Nel contesto di detto scenario è intervenuta la sentenza delle SS.UU. del 16 gennaio 2018, n. 898, che in questa sede si commenta.
Per la Suprema Corte la previsione della nullità contenuta nel precetto normativo - laddove <<in modo inequivoco prevede la redazione per iscritto del contratto» e «la consegna della scrittura>> - è posta nell'interesse del cliente. La finalità infatti è quella di assicurare <<la piena indicazione al cliente degli specifici servizi forniti, della durata e delle modalità di rinnovo del contratto e di modifica dello stesso, delle modalità proprie con cui si svolgeranno le singole operazioni, della periodicità, contenuti e documentazione da fornire in sede di rendicontazione, considerandosi che è l'investitore che abbisogna di conoscere e di potere all'occorrenza verificare nel corso del rapporto il rispetto delle modalità di esecuzione e le regole che riguardano la vigenza del contratto, che è proprio dello specifico settore del mercato finanziari>>.
Non si può, invece, ritenere che tale normativa abbia anche la finalità di garantire una corretta organizzazione della banca imponendo, a pena di nullità, la firma del delegato dell'istituto.

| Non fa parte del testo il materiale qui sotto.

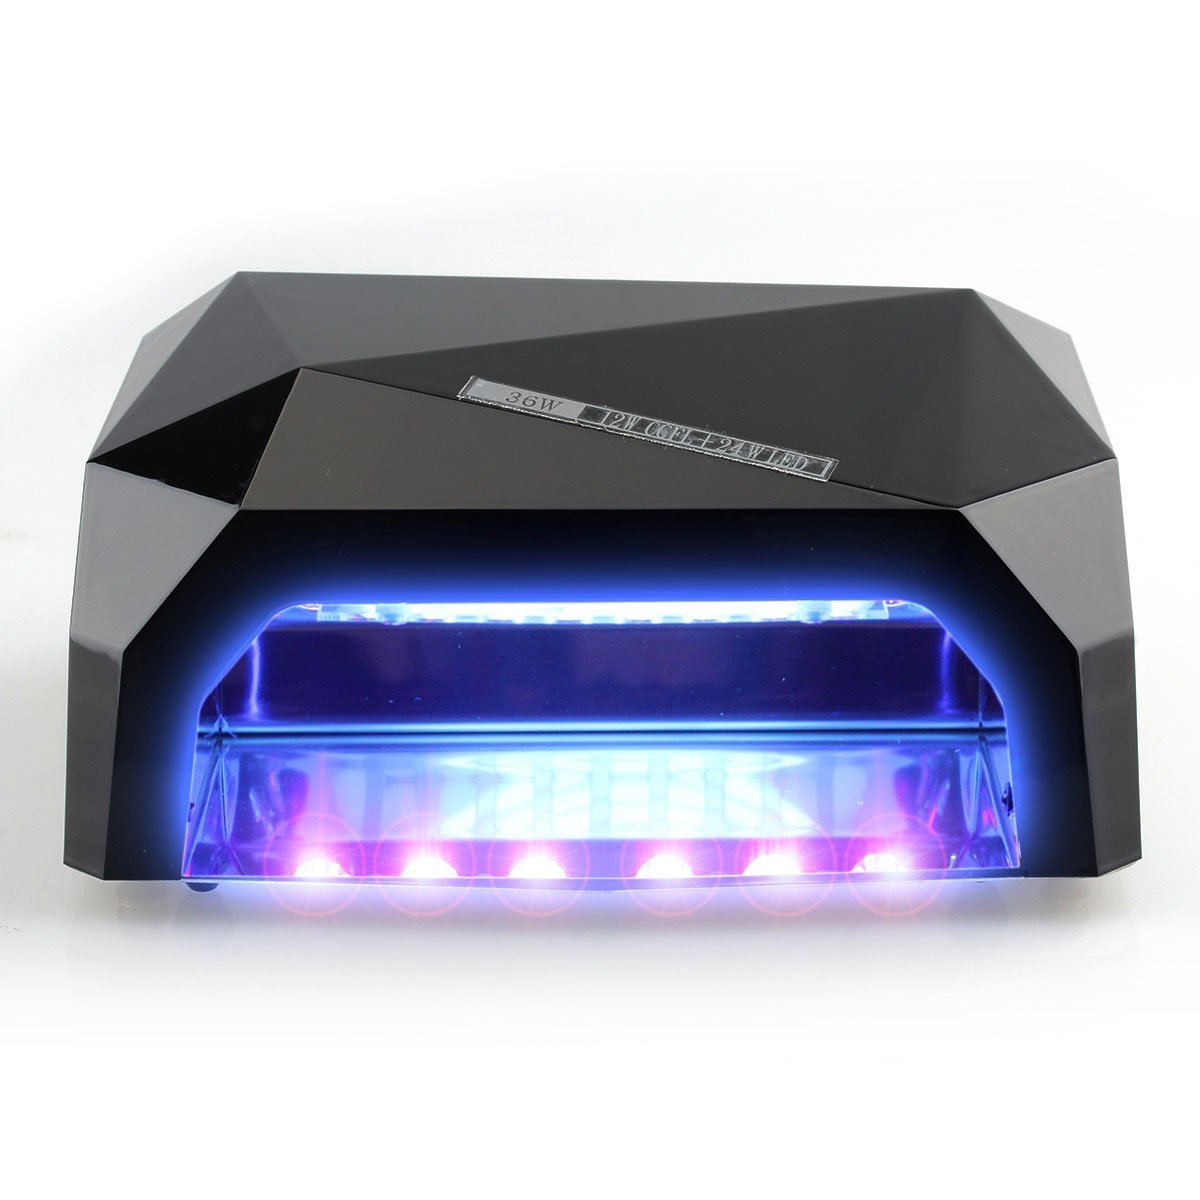 Light Gel Dry Led For Lamp Uv Quick Gellen Pro Manicurepedicure 36w Dryer Black PolishNo Nail Harm Machine IYy7bf6gv

Nella interpretazione della norma, prosegue la Corte, si deve infatti tutelare l'interesse effettivamente protetto che è quello del risparmiatore. Una lettura, continua la Cassazione, <<in linea con le disposizioni dell'ordinamento europeo>> sia con riferimento alla direttiva Mifid 1 che Mifid 2 a cui è stata data attuazione con il Dlgs 129/2017, <<al fine di perseguire gli obiettivi di trasparenza e di tutela degli investitori>>, e che <<punta l'accento sulla registrazione del o dei documenti concordati, in tal modo evidenziandosi la necessità che risulti la verificabilità di quanto concordato>>.
A fronte della specificità della normativa ed alla ratio profonda della stessa, affermano, quindi, perentori i giudici di legittimità, che "è difficilmente sostenibile" "che la sottoscrizione da parte del delegato della banca, una volta che risulti provato l’accordo (avuto riguardo alla sottoscrizione dell’investitore, e, da parte della banca, alla consegna del documento negoziale, alla raccolta della firma del cliente ed all’esecuzione del contratto) e che vi sia stata la consegna della scrittura all’investitore, sia necessaria ai fini della validità del contratto-quadro".
Ed invero, posto che il requisito della forma ex art. 1325 c.c., n. 4, va inteso nella specie non già in senso strutturale, bensì funzionale, avuto riguardo alla finalità propria della normativa, "ne consegue che il contratto-quadro deve essere redatto per iscritto, che per il suo perfezionamento deve essere sottoscritto dall’investitore, e che a questi deve essere consegnato un esemplare del contratto, potendo risultare il consenso della banca a mezzo dei comportamenti concludenti sopra esemplificativamente indicati".
Sulla scorta del delineato iter motivazionale, le SSUU sono pervenute, in conclusione, all’enucleazione del seguente principio di diritto: <<Il requisito della forma scritta del contratto-quadro relativo ai servizi di investimento, disposto dal D.Lgs. 24 febbraio 1998, n. 58, art. 23, è rispettato ove sia redatto il contratto per iscritto e ne venga consegnata una copia al cliente, ed è sufficiente la sola sottoscrizione dell’investitore, non necessitando la sottoscrizione anche dell’intermediario, il cui consenso ben si può desumere alla stregua di comportamenti concludenti dallo stesso tenuti>>.